We all know Solipsism is Rubbish. But when you are in that state of mind, you believe different. My suggestion to those of you who suffer with this is to take ONE DAY. Take the whole day off, get some pizza, a warm blanket and a quiet room with a flat screen TV.

.......And spend ONE WHOLE DAY...."Keeping up with the Kardashians"

Seriously. Order a whole season on iTunes or on Time warner Cable on Demand.

Stay home and watch the whole season. Pay special attention to their Egos. How they act, how they act in front of the camera. Study their attitudes and what not.

Believe me. After spending a few hours with the Kardashians, YOU WONT FEEL ALONE ANYMORE

People are real man, and so are you. Even if you just catch fifteen minutes of them on E! and see what I mean, you will be tempted to watch the whole season and will come out of this state of mind. I promise!

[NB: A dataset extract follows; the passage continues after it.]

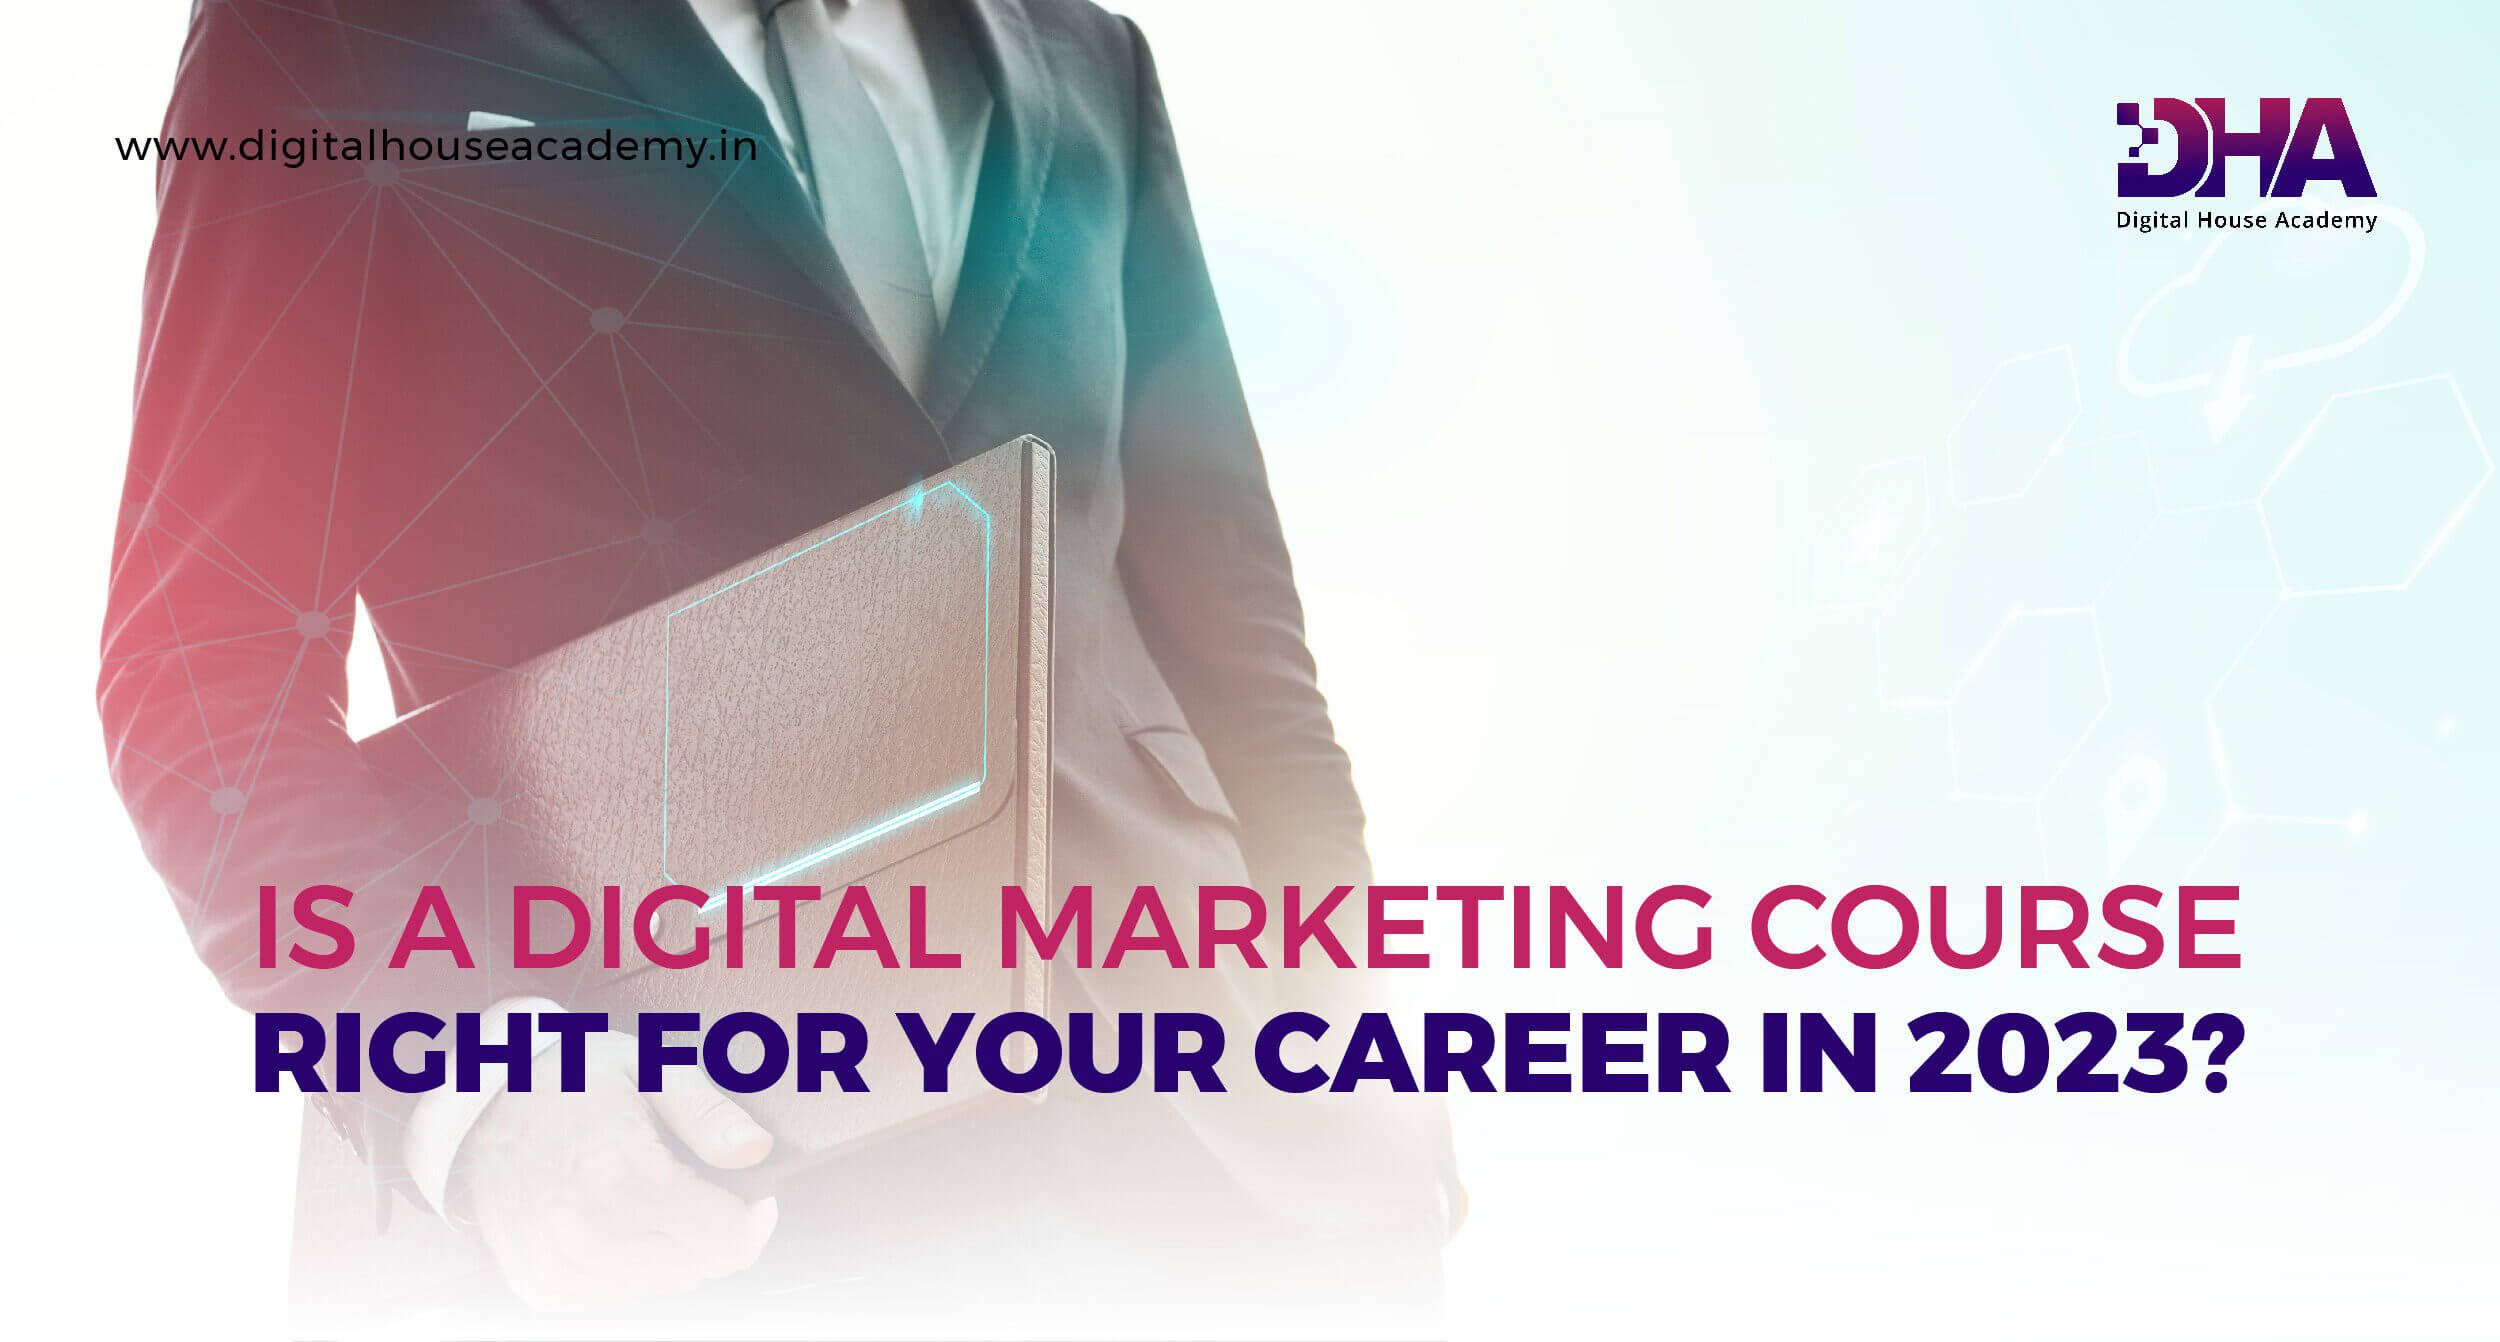 Digital Marketing Course Right for Your Career in 2023?

There will be some of you who will laugh at this or call me crazy, but hey. it works!


----------



## Jurgen (Aug 3, 2013)

Exactly. Now, whenever I think about Solipsism, I keep in mind that if everyone else were simply figments of my imagination, I never would've consented half of these celebrities into existence.


----------



## Jurgen (Aug 3, 2013)

There's only a hint of truth to Solipsism, and that's "I have my opinion and you have yours".


----------



## nectarios82 (Sep 9, 2013)

Jurgen said:


> Exactly. Now, whenever I think about Solipsism, I keep in mind that if everyone else were simply figments of my imagination, I never would've consented half of these celebrities into existence.


LOL sooooooo true!


----------



## nectarios82 (Sep 9, 2013)

i never said i liked the kardashians. im just saying , watching them makes me feel better


----------



## Jurgen (Aug 3, 2013)

I love watching The Kardashians, makes me feel less messed up.


----------



## nectarios82 (Sep 9, 2013)

u being sarcastic?


----------



## Jurgen (Aug 3, 2013)

Not at all


----------



## nectarios82 (Sep 9, 2013)

eh, u get the idea


----------



## missjess (Jun 1, 2012)

This whole thing about Solipsism is rubbish, do ur selves a favour and don't associate with it.


----------